Mr Ed Morato gives the finalists a dose of tough love

At the end of the competition, University of Asia and the Pacific’s Team BIGGKAS: “Buklod Bukid, Sowing Nutrition Reaping Hope” bagged first place and received P100,000 seed money for the implementation of their social marketing plan. It is a farm-in-the-city project which seeks to grow vegetables using a hydroponics set up, address the problem of malnutrition and add income to the community.
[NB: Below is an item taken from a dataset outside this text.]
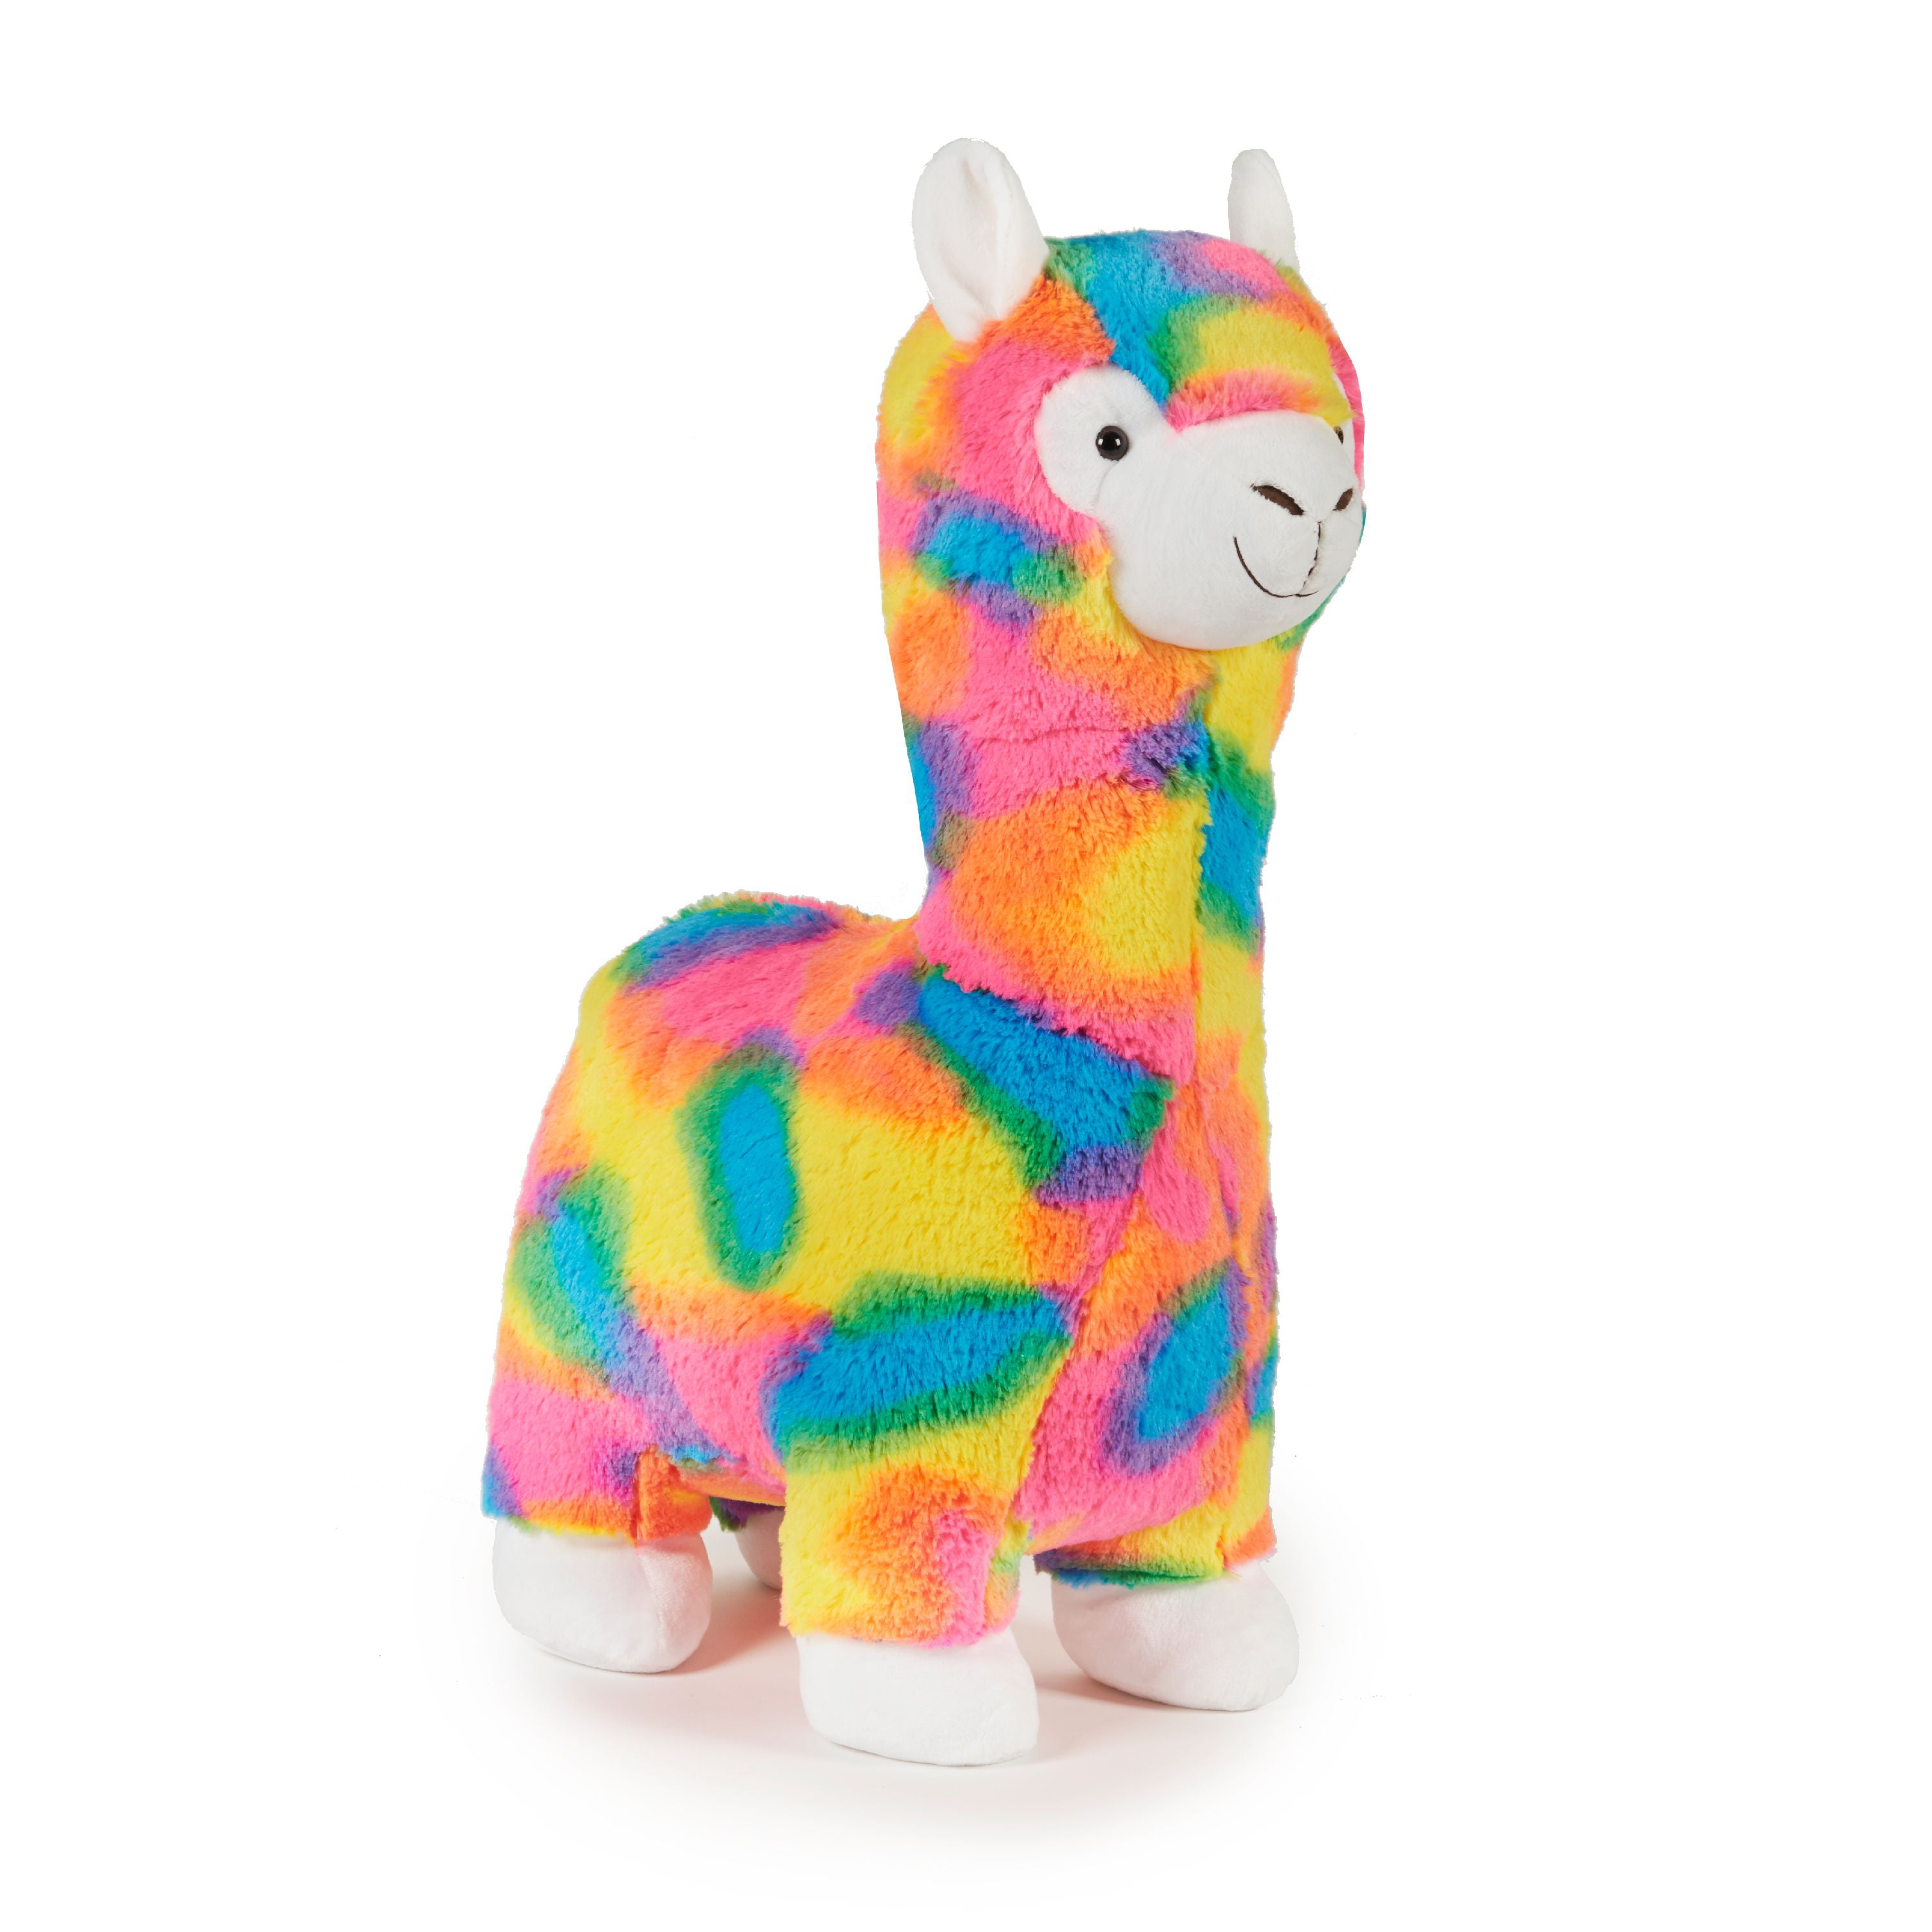 Way To Celebrate Llama 12” Pink Plush Stuffed Animal Rainbow Feet & Tail

Team Biggkas tops Ideas Positive with “Buklod Bukid: Sowing Nutrition, Reaping Hope”

If this could be the result of tough love—the finest, most innovative and sustainable social marketing initiatives—then a dose of it is prescribed three times a day.

This is tough love put in words

The panel of judges shares a dose of wisdom and tough love with the finalists and the audience at Unilab’s Ideas Positive.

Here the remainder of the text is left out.